Good Morning, Times Square
As a media façade, the ABC Times Square Studios’ LED display is a sight to behold. Nine, curvilinear, horizontal, LED video ribbons undulate around the facade’s front. Home to ABC’s Good Morning America, the building presents what seems to be a gigantic TV screen that displays network news and upcoming program and entertainment previews. Actually, the display, the only LED sign in the world that’s integrally involved with a major-TV-network program, is trailblazing the future of media-façade-based “performance signage.”
Easily seen throughout Times Square, the display broke ground as a media façade, a term that describes an LED video display that completely covers a building’s front cladding. Media facades now proliferate on Times Square to capitalize on the area’s advertising clout.
A precursor to media facades
Originally created in 1999 by its corporate parent, the Walt Disney Co., the ABC Times Square Studios’ LED spectacular is one of the area’s oldest such displays. Having beamed more than 70,000 hours of news and entertainment for eight years, the screen has recently been updated by D3 (Rancho Cordova, CA), a full-service LED video-display firm that designs and fabricates high-definiLED video displays.
D3 LED screens also appeared recently in several other Times Square sites, such as a display replacement for the Armed Forces Recruiting station, the exterior displays on M&Ms® Retail World (see ST, October 2007, page 90) and Ripley’s Believe It Or Not Odditorium (see ST, August 2007, page 90).
Initially built by Multimedia LED (Rancho Cordova, CA), the integrated LED display was divided into nine, separate, horizontal, LED ribbons, each approximately 133 ft. long, that extended lengthwise across the building. The first seven, full-color ribbons boasted a 50mm pixel pitch and formed a video-ribbon screen across the front of the building.
To enhance the display’s visual appeal, a SONY JumboTron LED videoscreen was embedded within the bigger Multimedia LED screen. Below that, the text-feature band briefly summarized the story behind the video image. The lowest ribbon broadcast sports news, and the one above that broadcast news headlines.
To facilitate the ribbon’s unique shape, NYC-based Landmark Signs built a curved, steel, interlocking frame that connected it to the building façade. Landmark built it in New Jersey, disassembled it and re-assembled it in Times Square.

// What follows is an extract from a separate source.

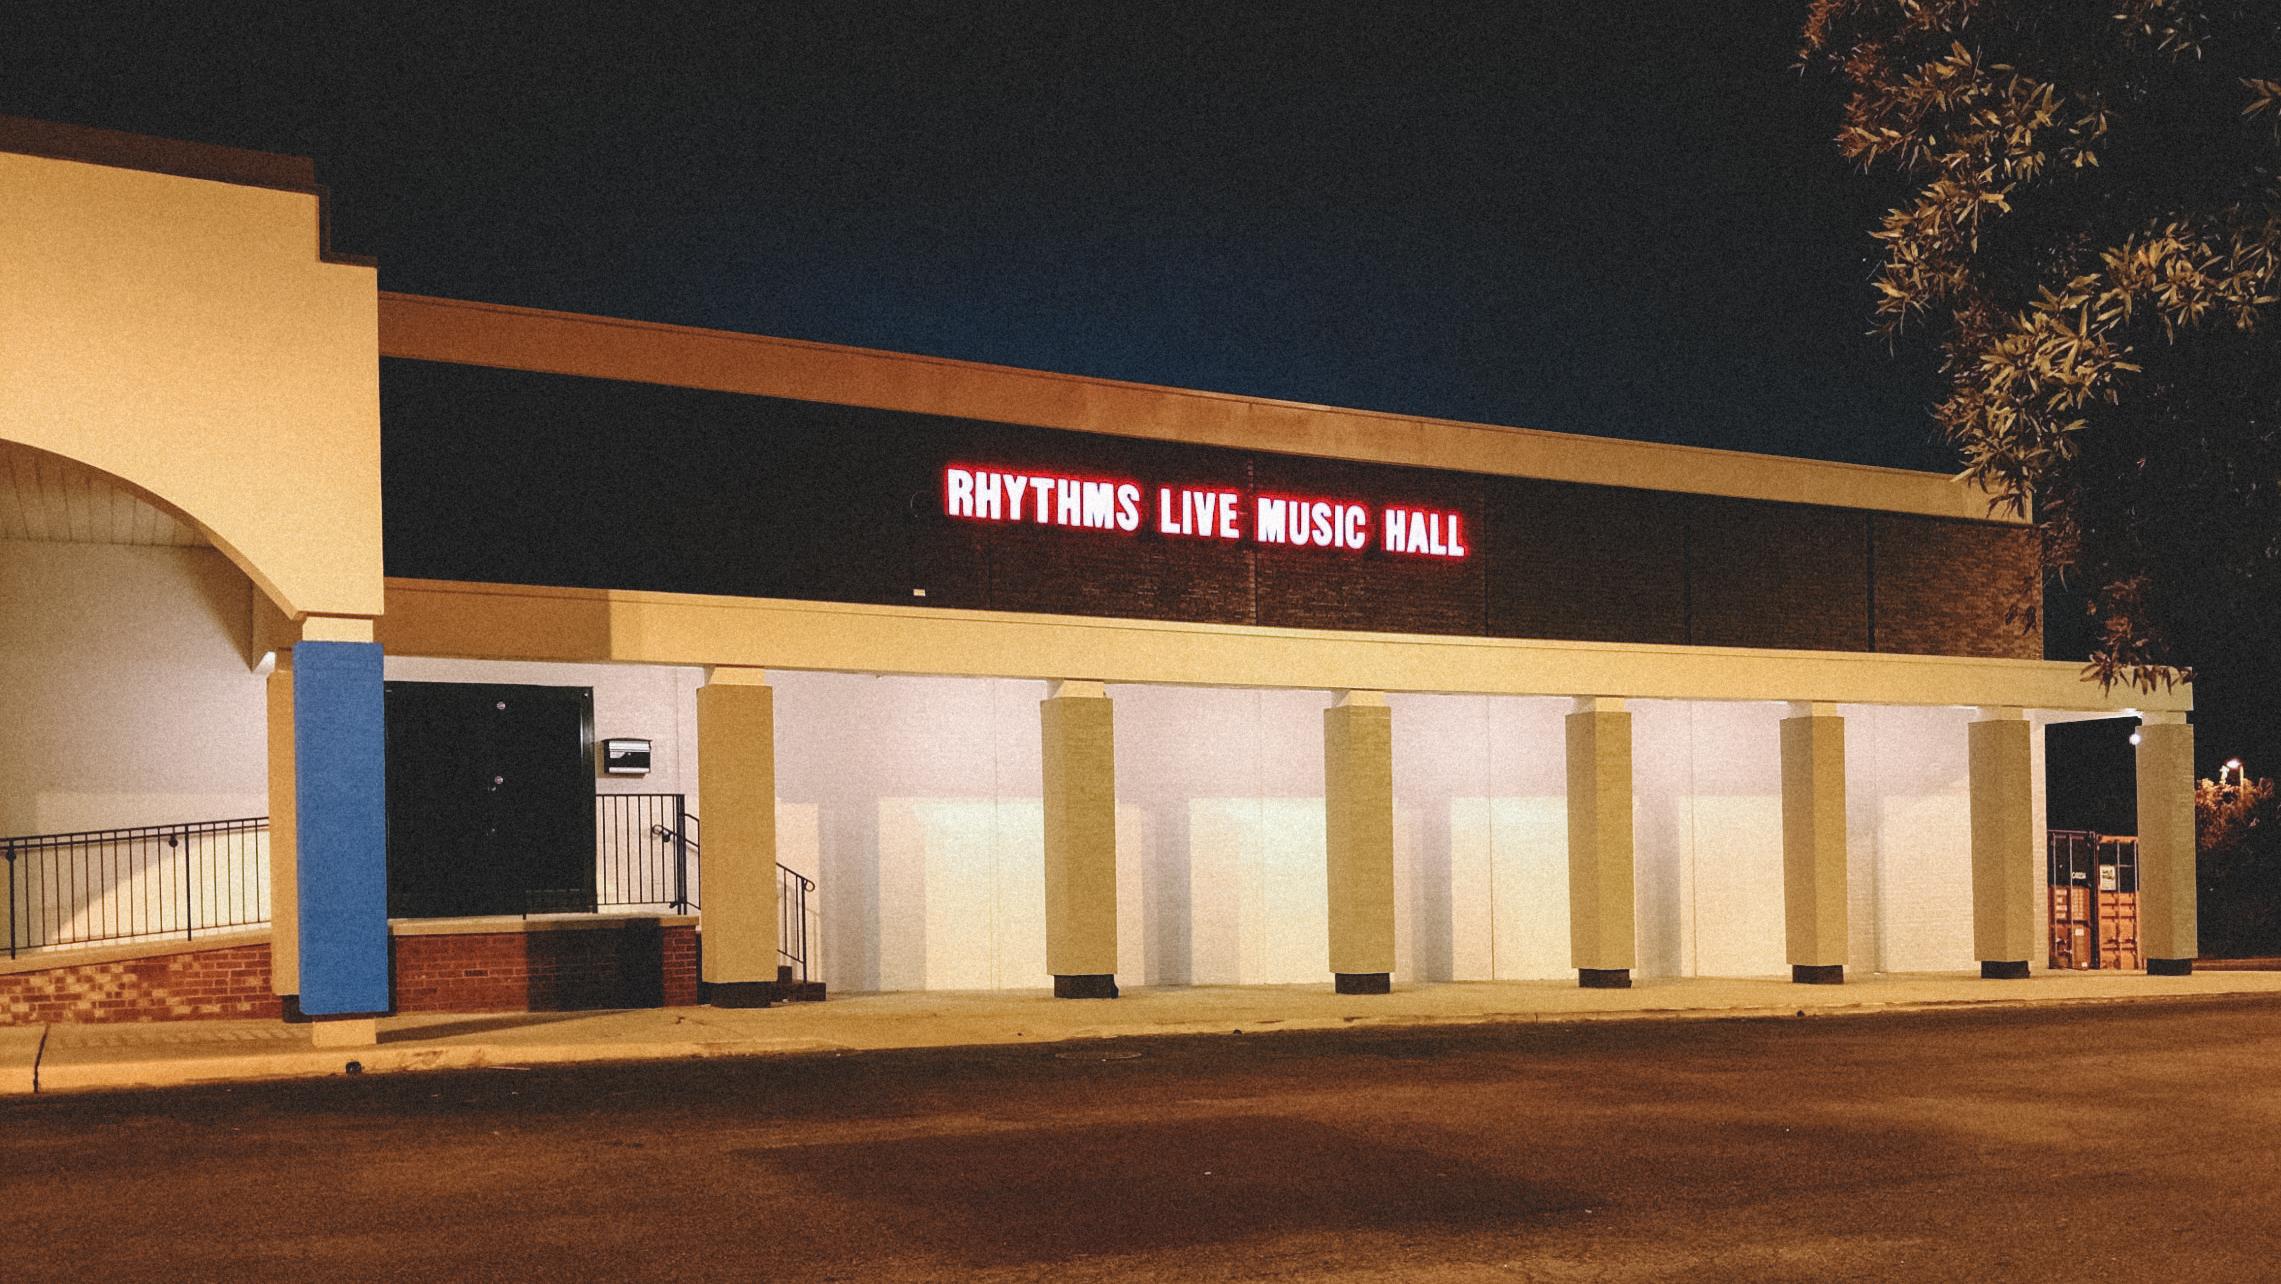 About Rhythms Live – Rhythms Live Music Hall

“Once the full marketing value of the ABC LED display was understood by the Times Square advertising community, it became a springboard for many other LED video spectaculars [HSBC, Pontiac, Wrigley’s, LG, Samsung, etc.],” said George Pappas, a D3 founding partner who’s currently in charge of operations and manufacturing, and a former project manager of the original Multimedia project.
Having witnessed the upgrading of other displays, such as Coca-Cola (in 2005) and Budweiser (in 2007) and the addition of new, full-color, high-definition screens (Chevrolet, Pontiac and Prudential), the Disney Co. decided to upgrade the original ABC Times Square LED display.
During the summer of 2007, to prepare the ABC building for the new LED display, the original LED sign was stripped, one ribbon at a time, to its bare, steel frame. Having removed the original LED segments, Landmark retrofitted the new D3 LED modules (WS-10 units) onto the existing steel frame, from the bottom up, using the same LED-module connection points that held the first LED display in place. At least 3,551 D3 LED modules, each 3.5 in. (8 pixels) wide x 3.25 ft. (100 pixels) tall, replaced the original LED screen modules.
An icon is re-installed
The unique sign design encompasses huge glass studio windows that separate the seven ribbons above and the two below. Tony Calvano, Landmark Signs’ principal, said replacing them entailed careful planning. “During our swap out and replacement of the ABC LED modules, we started at the bottom and worked our way upwards. By the third ribbon tier, we were above the studio windows, which meant we had to protect each studio window segment as we worked above it,” Calvano said.
To protect the windows from welding sparks and dropped debris, Landmark draped and rigged a fireproof, impact-resistant tarp across the windows, below where they were replacing each ribbon of the modules. Daily, the crew set the tarp under the workspace in the morning and removed it at the end of the day.
Because of its iconic presence, the original ABC sign operated while it was retrofitted. Selectively, each old LED ribbon was turned off as its new module was installed.
Calvano said the project began with the most difficult part, the tight, curving, 3.5-ft.-radius corner of each ribbon: “The LED modules on the inside radius curve had to fit seamlessly. Then, by working from the radius outwards, we installed the rest of the ribbon, going north to the ribbon’s edge and then south to the other edge of the display. As we moved from section to section, the tarp below followed us, covering that section of studio glass. Once we perfected the radius-curve insertion technique, we did this with the other eight ribbons. All together, we replaced the entire display in about two and a half months.”